This week’s recipes are from the latter part of the 20th Century, but they are so good I wanted to share them with you now.
Pumpkin Bread
If you’re looking for a delicious pumpkin bread recipe, try this one (pictured above) from Chef Jennifer Segal of Once Upon A Chef .
The recipe was clipped from a magazine over fifty years ago by her grandmother, making it a treasured family memory. It’s delicious, tender, flavorful and a beautiful color. (Click link above for the recipe and to read about the history).
Pumpkin Muffins
Thirty years ago I was a baker at Sarabeth’s Restaurant on Amsterdam Avenue in New York.
On weekends lines were out the door to snag a coveted table for breakfast or brunch.
Working the early shift on Sunday mornings meant leaving my house at around 4am to get to the bakery well before 5am to start baking.

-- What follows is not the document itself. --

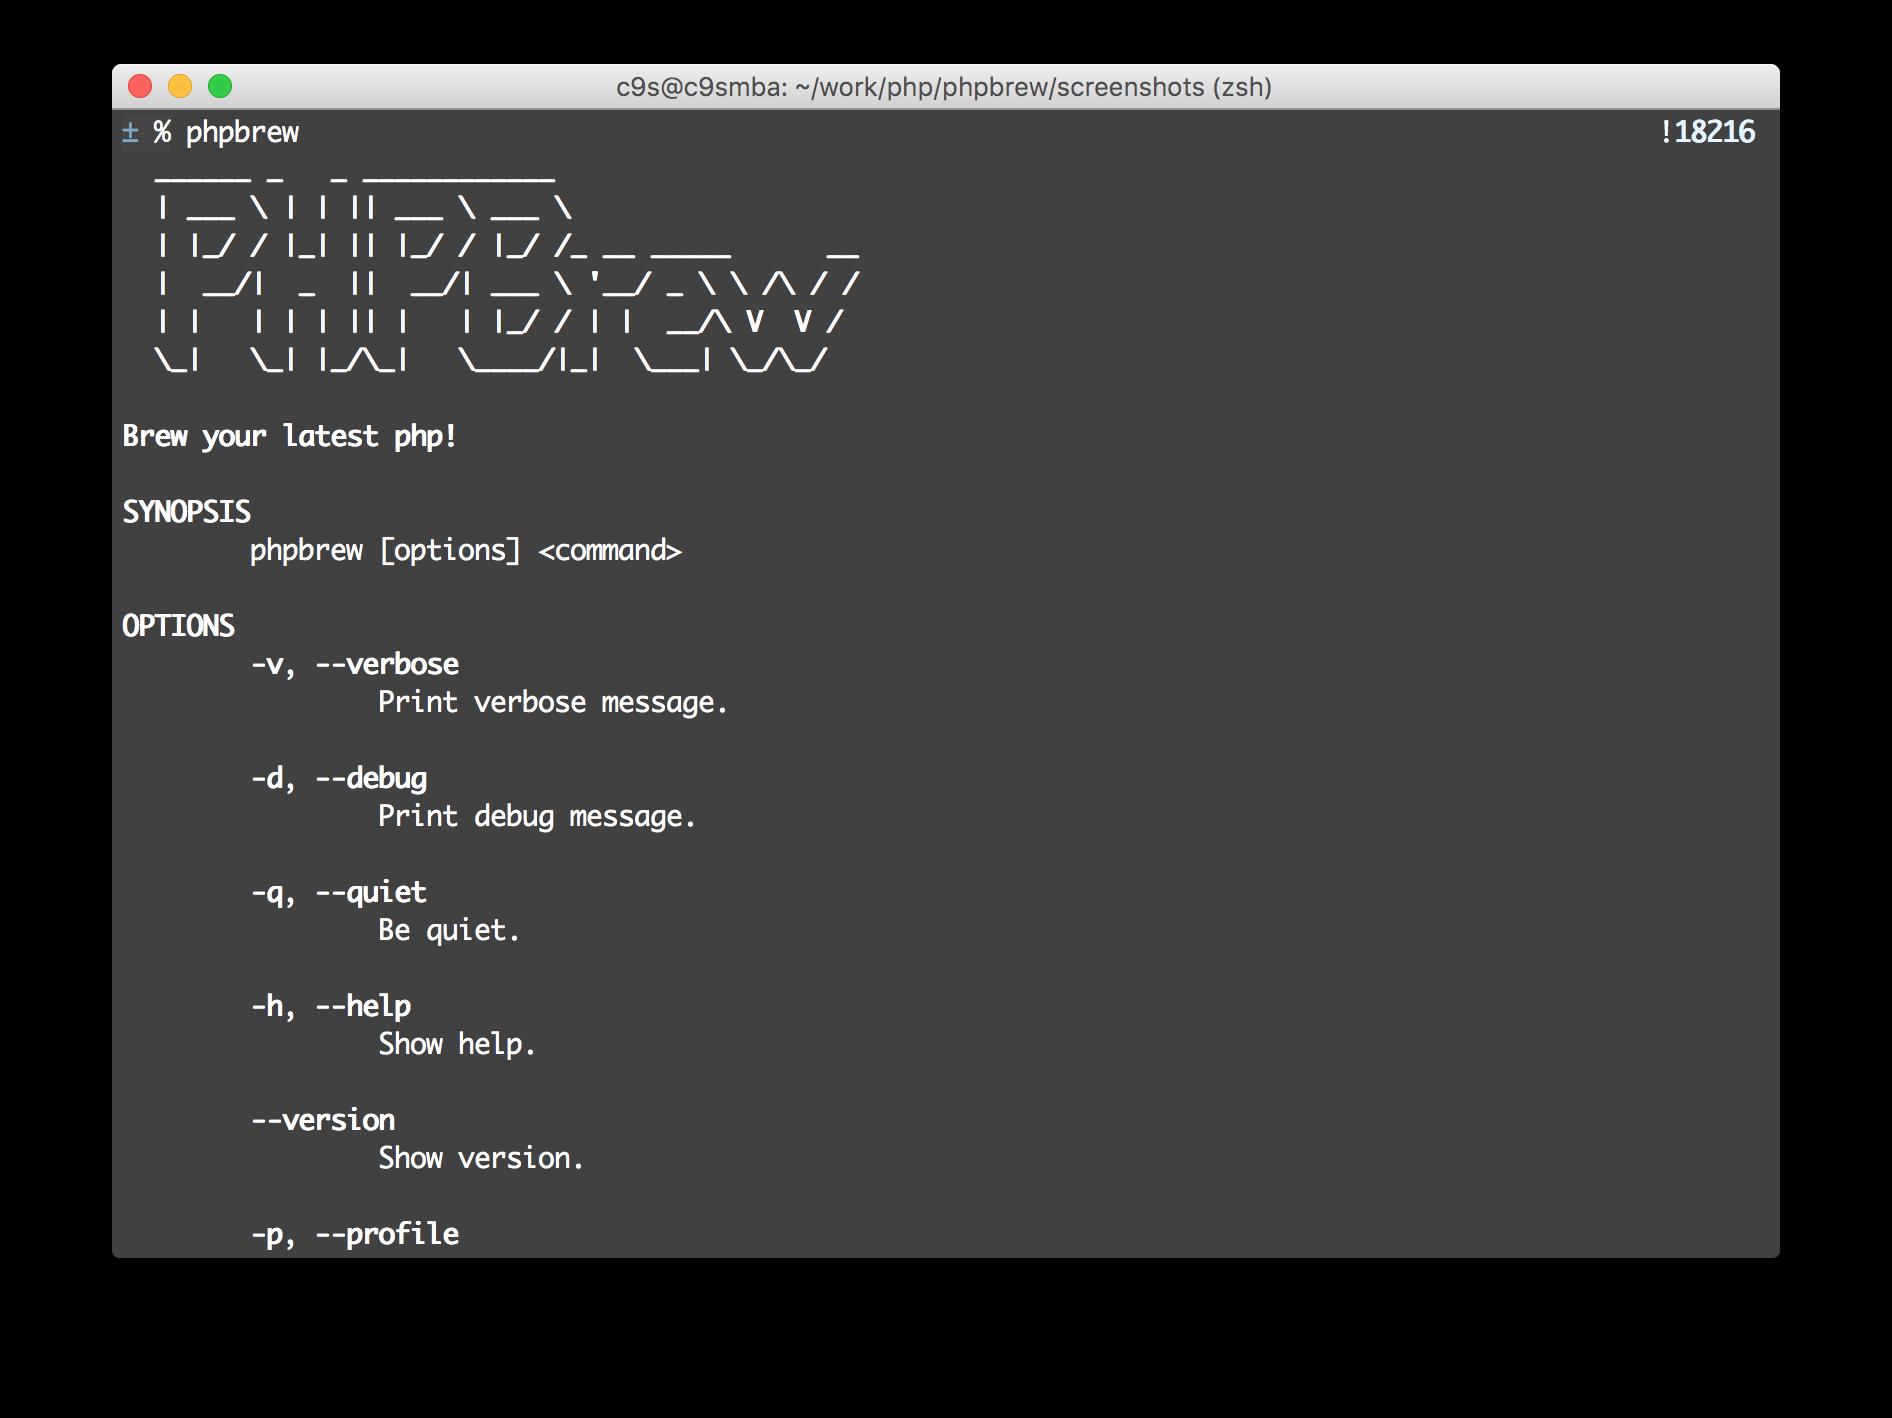 安装多版本 PHP 到用户根目录的工具 PHPBrew

In the city that never sleeps, I’d cross paths with Saturday night revelers just on their way home from a night out. Once inside the bakery, a very sweet and talented baker who had worked there for years would already have everything set up — ovens pre-heating, pounds of butter and pallets of eggs out of the refrigerator, coffee brewing for staff.
I was the nervous newbie and to this day I’m grateful for the guidance he gave me and his great sense of humor that laughed off my (many) mistakes.
Everyone in the bakery at that hour worked in silence, but the radio was always set on Salsa, the music keeping the energy high for this small group of sleepy people who made absurd quantities of baked goods before 8am.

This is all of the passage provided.